It’s Labor day, which marks the ends of the summer and time for all of us to and get back to work (and school)!  I know that my checklist of things to do for the winter is long, and I am slowly checking things off.  I am preparing in earnest this year as not only will we have a winter to get ready for, but we will have help around the farm while I have the baby!

Recently, I have had many requests for beef, and we now have an ongoing opportunity for you to purchase beef!  I was raised on a cattle ranch in eastern Oregon, where all of my living relatives (4 generations) still live and work.  It has long been my intention to bring beef to our farm patrons, and that is now possible, starting immediately. These cattle spend their entire lives on pasture.  They are finished on a local, non-GMO grain ration.  The quality of this meat is very high!  We will sell ¼, ½ or a whole animal.  The cost is $4.00/pound hanging weight (including cut and wrap), which of course varies with the animal.  Generally speaking, the hanging weight of a whole animal is approx 650 pounds (325 pounds for a half animal or 163 pounds for a quarter).  Please let me know if you are interested in beef and I can reserve one for you.
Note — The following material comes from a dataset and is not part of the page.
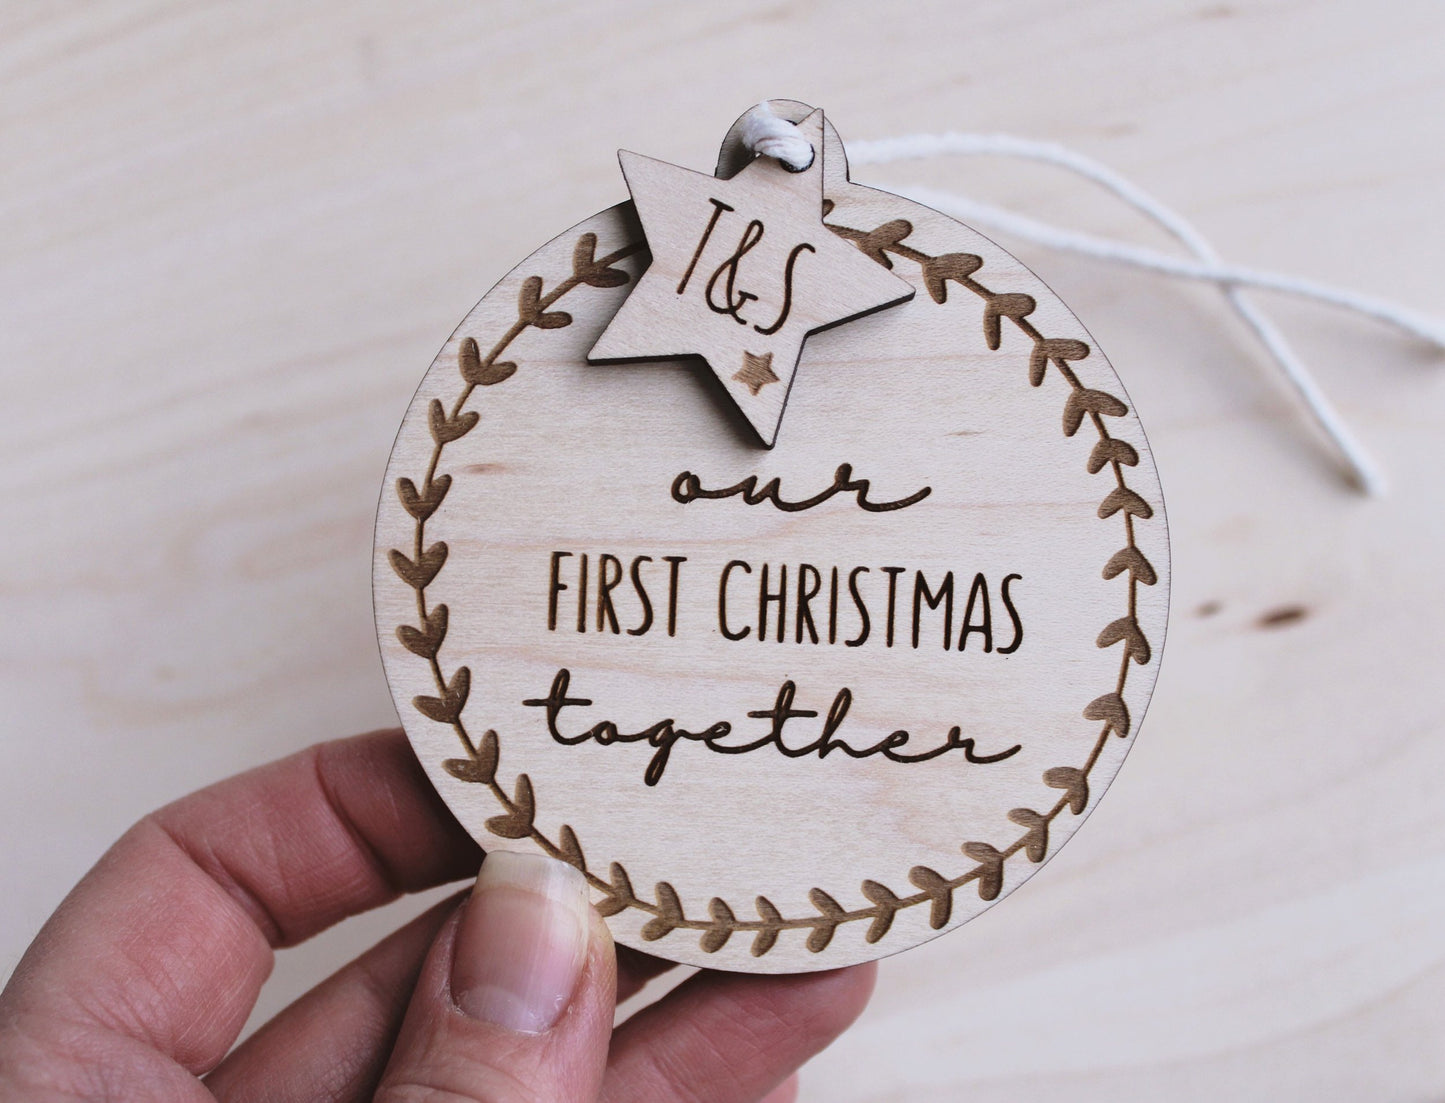 Our First Christmas Together personalised bauble decoration

In other news, we will be processing 12 rabbits the first week of the month, and some of them are still available for $18.  These are the last rabbits until late winter!  There are also 3 chickens and 3 ducks left up for grabs.  We will not do another batch of poultry until after winter, so it is your last chance to stock up!

Now for a few farm “housekeeping” points that have come up recently. This communication is not directed at anyone in particular, but is written as a general request to help keep the farm operating well without raising prices.

Please remember your milk jar etiquette.  We do not require a deposit for our milk jars and lids. As such, the jars that are engraved with “Cast Iron Farm” are the property of the farm.  PLEASE DO NOT USE THEM OR THEIR LIDS FOR ANYTHING ELSE!  Return your your jars clean and dry.  The lids mold when they are put on a wet jar, and it is usually not possible to scrub out the mold.  I have had to throw a lot of lids away due to mold, someone writing on them with permanent ink, breakage or dogs chewing on them.  If I constantly have to replace the lids, it will drive up the price of your milk, which I am sure you can agree would be an inconvenience.  Lastly, please, please remember to bring back your empty jars.  Over the past month alone, I have had to add over 100 jars into circulation due to jars not coming back to me.  This is not a cost I can cover in the future without having to charge a jar fee.

We have also had a some instances of property damage recently.  We love our community and the people that we provide food to and we are so happy to share our farm with you, but it is really hard to come home and discover that someone has used our property and damaged it.  There have also been instances of our livestock being fed without our consent!  For those and legal/insurance reasons, I must ask that when come to pick up your milk that you not go into the barn or explore around the farm unless you have made an appointment to do so beforehand, and please keep an eye on your children and don’t let them play on the trampoline or play structure without a farmer present.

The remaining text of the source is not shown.